Saturday September 24 2022
Kangondo photo

Hundreds of residents of Kangondo and Kibiraro — popularly known as Bannyahe in Gasabo District have sworn not to vacate their homes despite local government authorities escalating efforts to expropriate and relocate them to Busanza. Picture: Cyril Ndegeya


This week the government was under pressure to quell rising tensions among residents in the slum areas of Kangondo and Kibiraro who are expected to relocate to Busaza, where decent housing has been proviwded as a mode of compensation.

And despite the government’s commendable efforts to resolve these land issues, the land sector has been and still remains the source of most disputes in Rwanda.

For now, expropriation around Kigali remains a thorny issue. For instance, so far, of the 1,486 families, only 614 families have relocated to the condominium houses in Busanza, more than 800 families have resisted relocation.

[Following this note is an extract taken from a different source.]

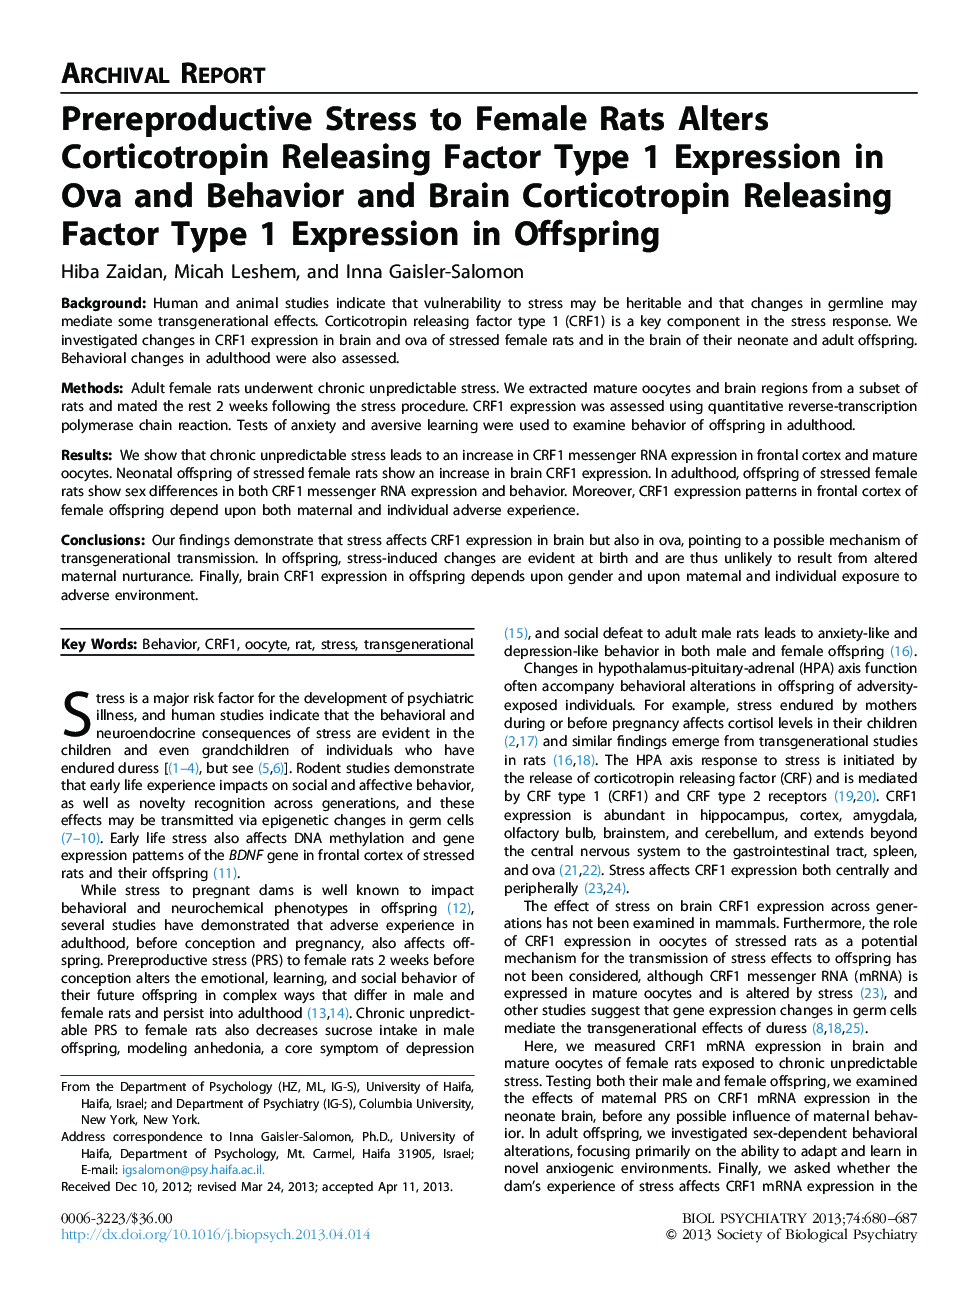 Prereproductive Stress to Female Rats Alters Corticotropin Releasing Factor Type 1 Expression in Ova and Behavior and Brain Corticotropin Releasing Factor Type 1 Expression in Offspring
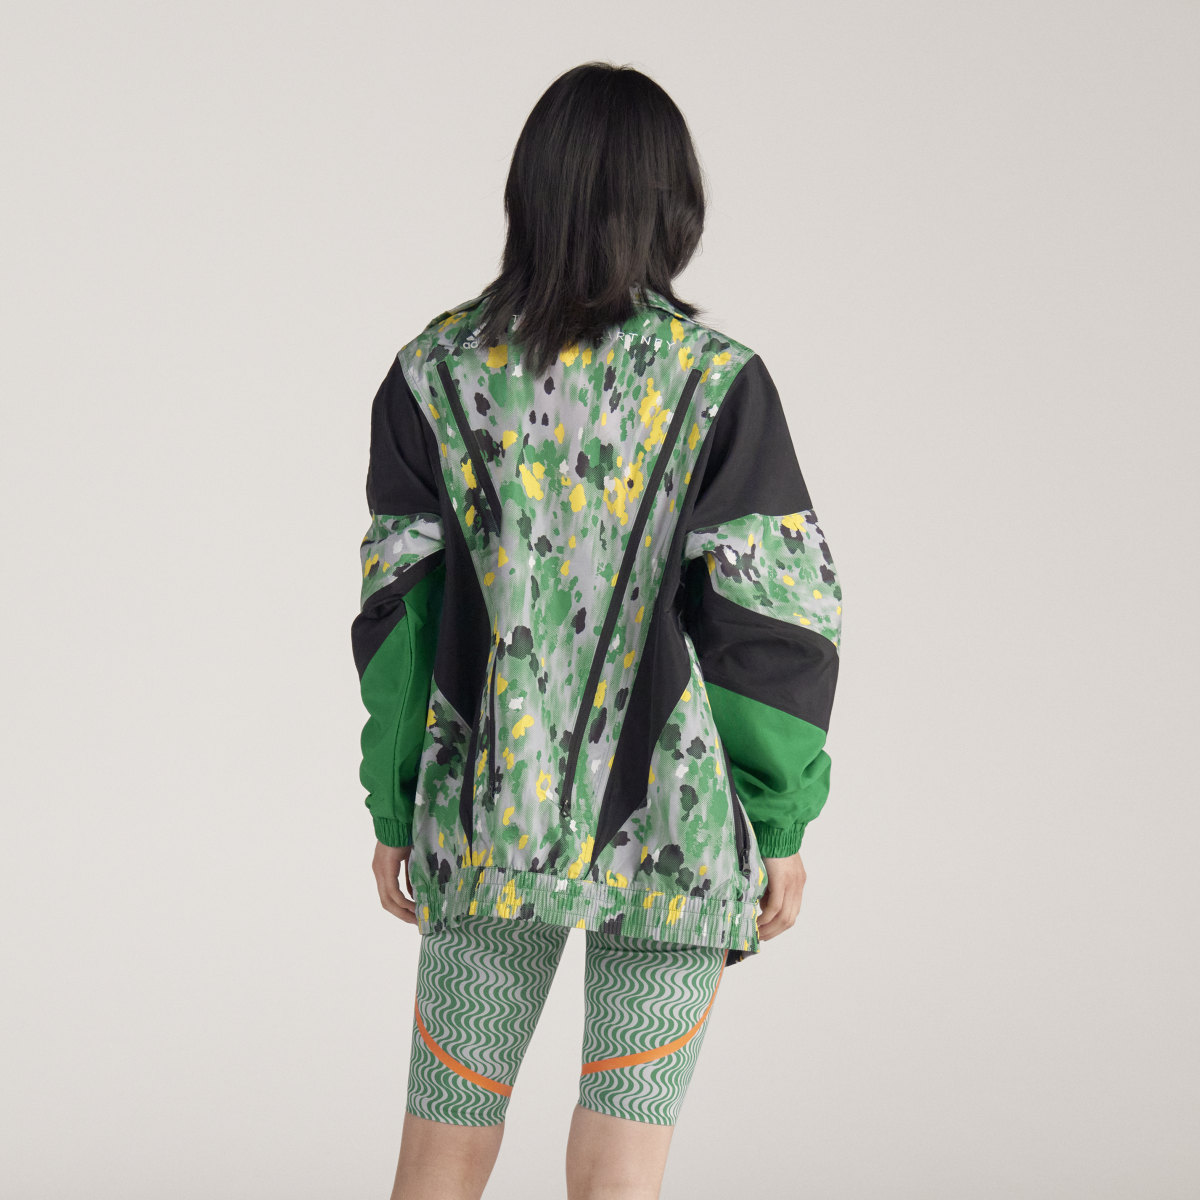 Adidas by Stella McCartney Printed Woven Track Top. 5

The residents say they are not against leaving, but they want to first be adequately compensated financially for their property and do not want houses. Yet some officials say they are against financial compensation because some residents take the money and relocate to another slum.

Rural population pressure

The government also has a policy of encouraging grouped settlements known as imidugudu in rural areas, which is considered a solution to rural population pressure and previously poor land management.


The challenge facing the government is to convince property owners to relocate. This comes as Rwanda is undergoing rapid development, often leading to expropriation of private lands. The law provides procedures to protect the rights of property owners in the expropriation process.

The implementation, however, has caused concerns about potential human rights violations and about how expropriation is affecting the population economically and socially.

Research, carried out by Rwanda legal Aid Forum from October 2014 to August 2015, showed that expropriated households faced severe declines in their monthly income, and sometimes faced months of restrictions on being able to make basic improvements to their properties while expropriations were pending.

Despite these issues, the government notified most landowners of the process through public meetings, and in fact most expropriated households believed the projects causing expropriation were in the best interests of the community.

At the moment, insufficient and delayed compensation remain the most pressing issues reported by expropriated households. The government has to do more to ensure compensation is done fairly but also provide it in a timely manner to avoid unnecessary escalation of issues.

Arbitrary variations in property values could be addressed by improving the independence of the valuation process. Compensation-related issues also have a negative impact on expropriated individuals, especially those losing a large percentage of their property or relocating.

The government must address concerns around sources of livelihood for the expropriated households. It is not enough as most government officials claim to say families should just move because shelter has been provided. It is important to consider how this families will survive after being relocated.